As a hacker, I enjoy the spirit of the thing. It’s nowhere near as dumb as the
cookie pop-up law. Categorically I would prefer default third party services
to flush logs rather than retain.

As a founder, the cruel business logic very much favors removing
support/refusing to onboard European users.

Your exposure is in a fine for 4% of global revenue or 20 million euros.
Whichever is greater. No big deal. Europe may make up 10% of your revenue. The
effort is going to decrease resources by 20%+ in the short term, add unknown
long term complexity and overhead, and longer term employing a compliance
officer. Also can we go back to the 20 million Euro fine thing for a second?
Any potential acquirer is going to want to double down on diligence before
assuming risk like that.

The requirements initially seem innocent enough - ability to hard
delete/export user history. Easy right. Some notes from my meeting with legal:

Well what about backups? Do you retroactively go through your backups and
remove R2BF users? Do you only keep backups for 6 days? What happens if you
delete the user and restore from a 5 day old backup? Do you keep a second list
of users who requested you delete their data - and if so how do you store
that? How do you now represent activity that materially effected other users
still on the platform? Is this subbed out with a “blank shadow” user? The
legislation very much does not solve for the recursive logic of “how do you
track users who’ve requested deletion”. Counter-intuitively we would now have
to log more user activity so we can gracefully handle rendering deleted data.
Why do we have to file with a third party that we’ve deleted info on a user
that requested we remove all trace of them?? What if a user enter’s PII in
table entries owned by other users through that other users account? What if
they do it through a third party API? Speaking of, how do you ensure your
third party API partners are in compliance? What if a user enters in PII in a
field that you thought should have no PII in it? How do you treat EU citizens
using your service outside the EU vs inside it? What if they use it in both
places? What if you have an American user who happens to be located...

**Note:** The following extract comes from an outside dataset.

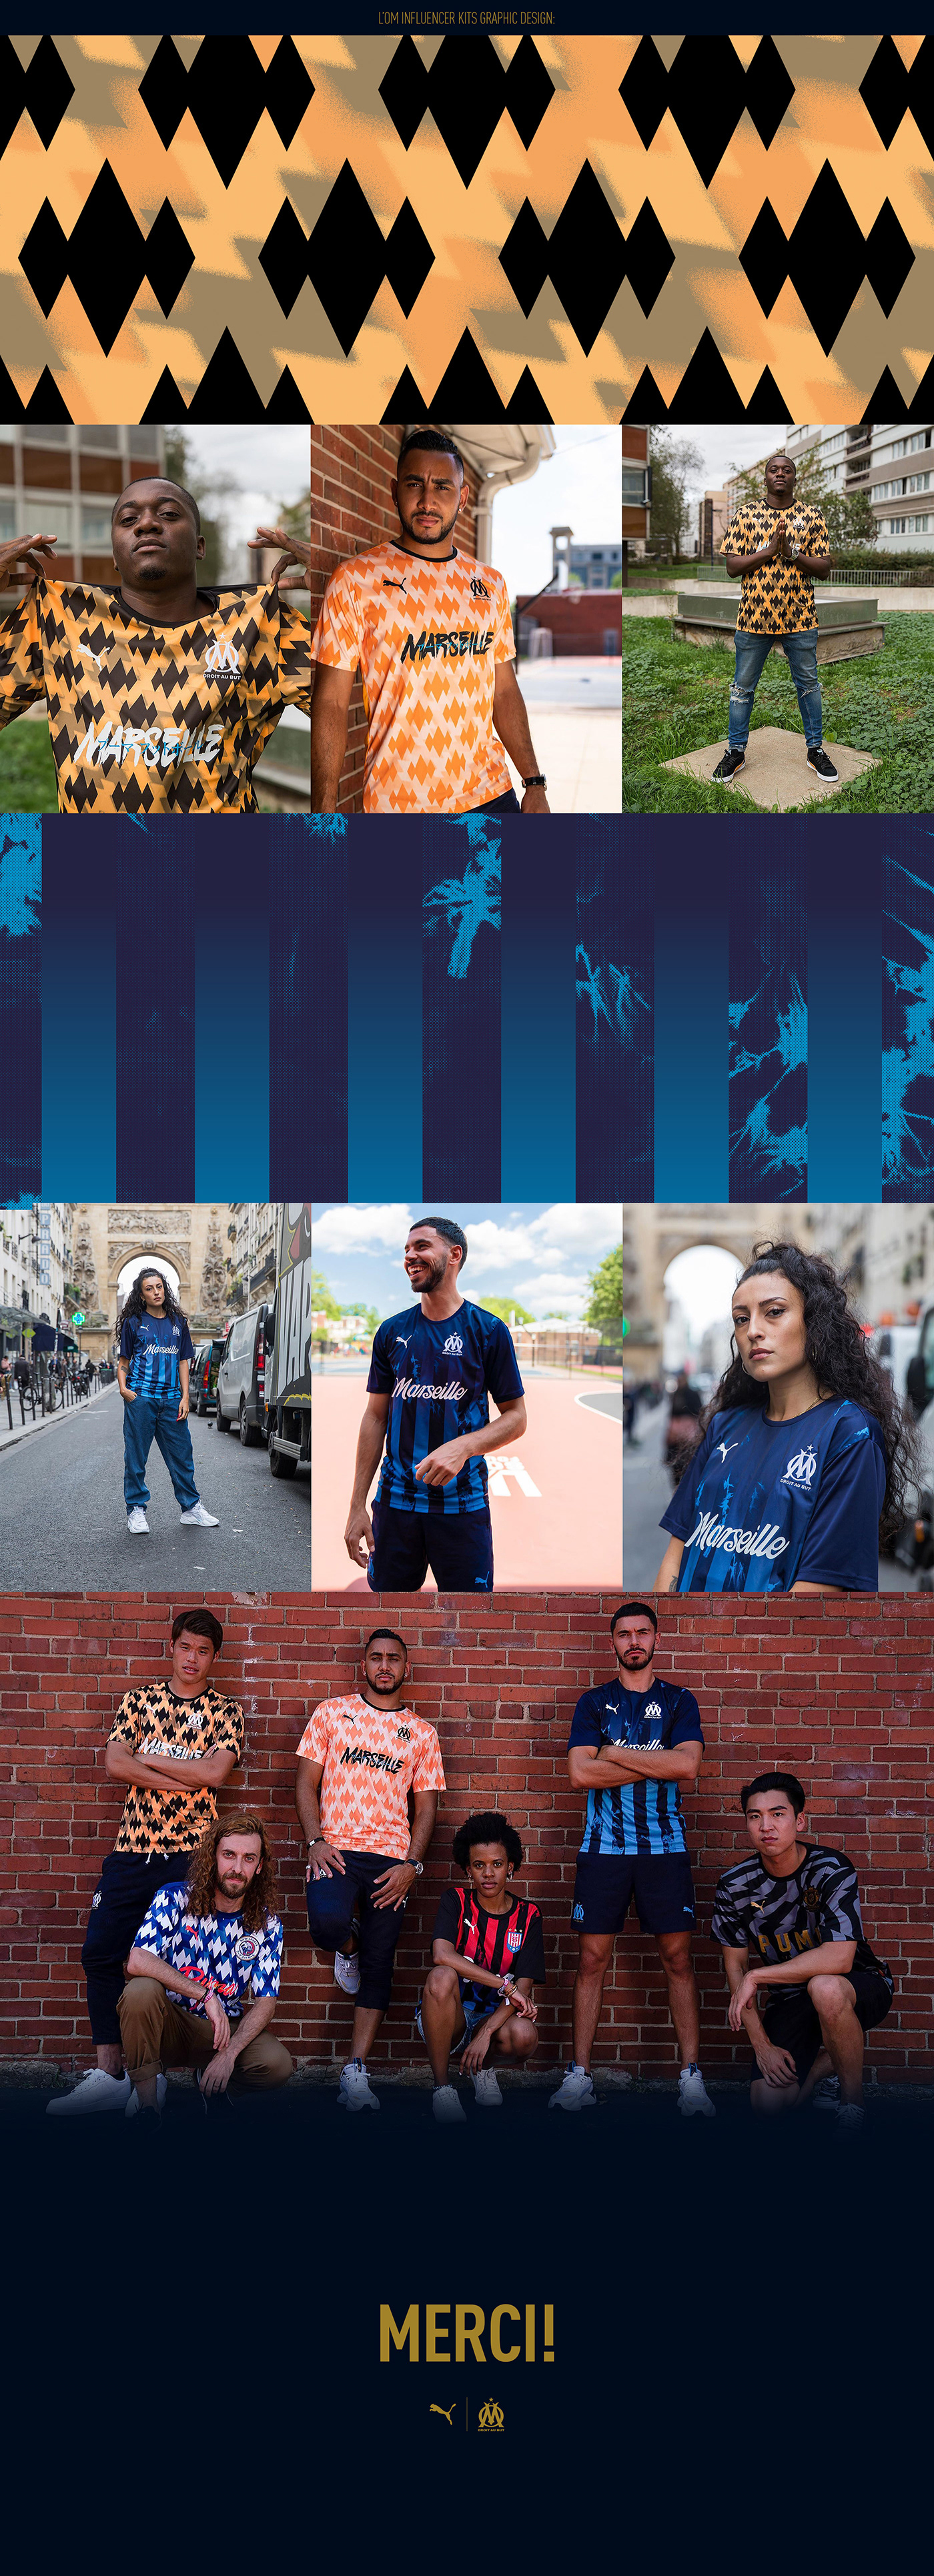 Graphic Design Olympique de Marseille Kits 2019 / 2020 on Behance
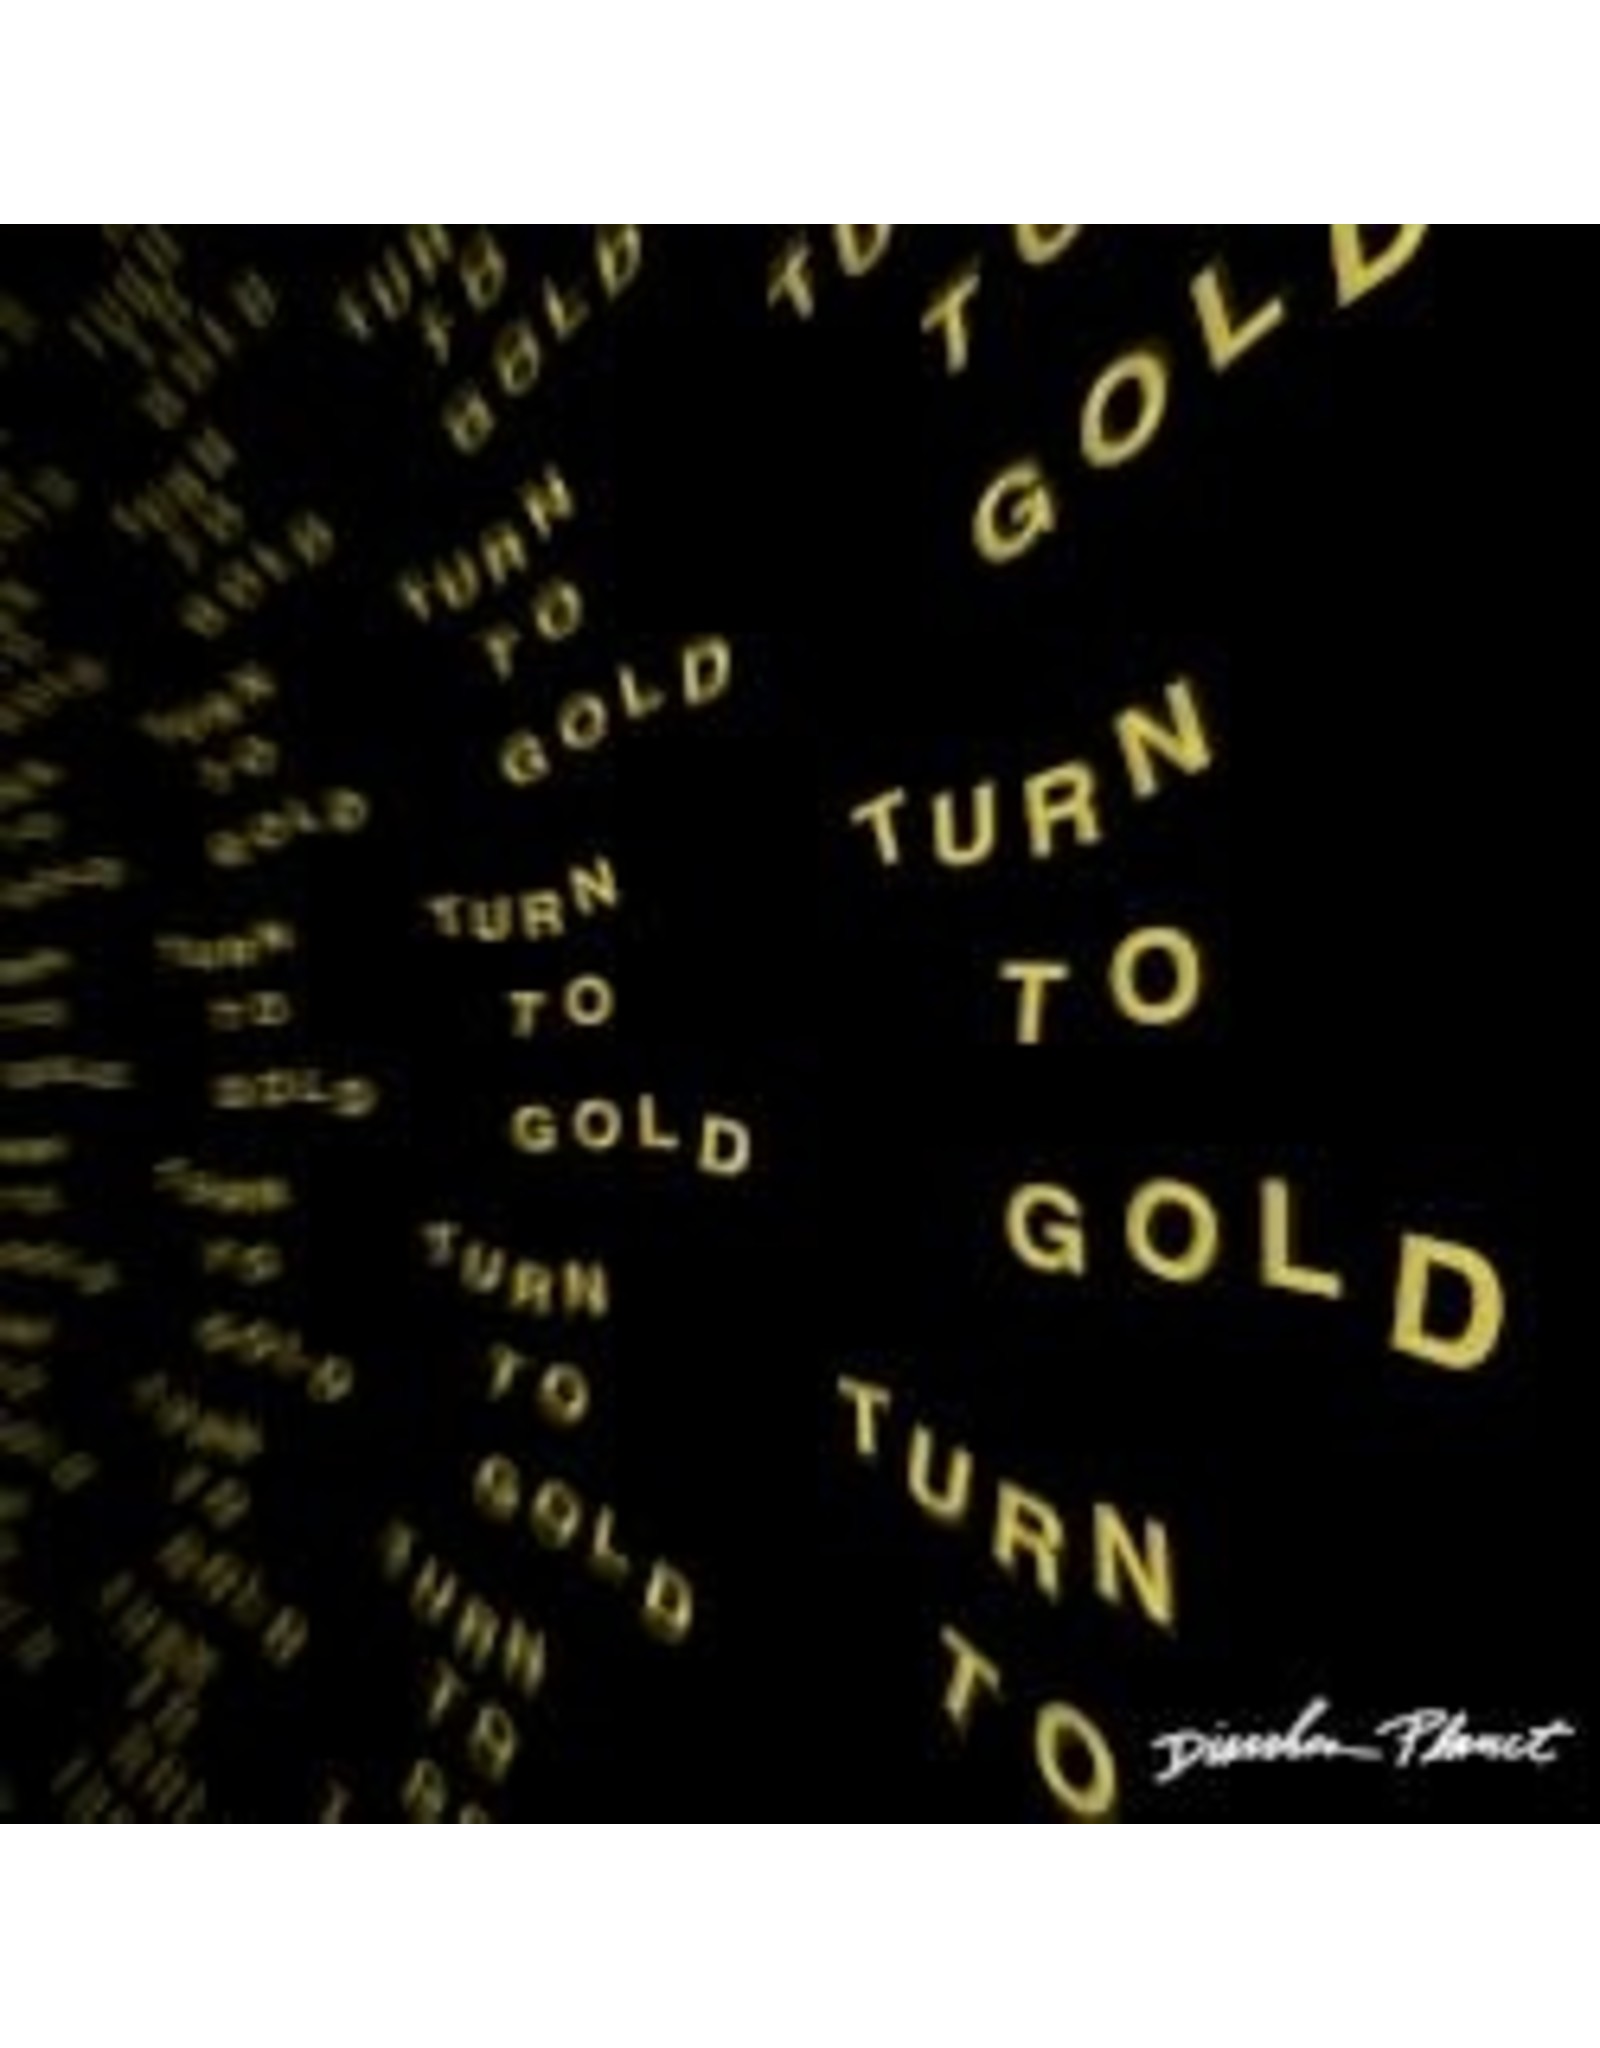 Diarrhea Planet - Turn to Gold LP

Sure most of these are solvable along with the another hundred edge cases not
illustrated, but for bigger apps at 50+ person companies almost every one of
those points is a bullet point in a meeting that requires nuanced development
from multiple stakeholders. Don’t think it’s hard? Try roll into a meeting a
Twitter and explain to them how easy it would be to add a button that lets you
edit tweets. Some requirements are a BFD - you can imagine how things went
over in a meeting where we half-jokingly suggested we no longer make backups
rather than take on the burden of implementing a backup policy that may or may
not be compliant with a new law that has no precedents in court to guide
drafting a spec.

The net result is implementing it with the least effort and suddenly it’s just
this dogpile of cludgey UI popover screens that people click through without
reading and TOS updates and mandatory log outs and a lot of other things
besides that add overhead to make it “non-trivial.”

It’s a big deal because pre-series A startups will choose to avoid these
waters rather than navigate them.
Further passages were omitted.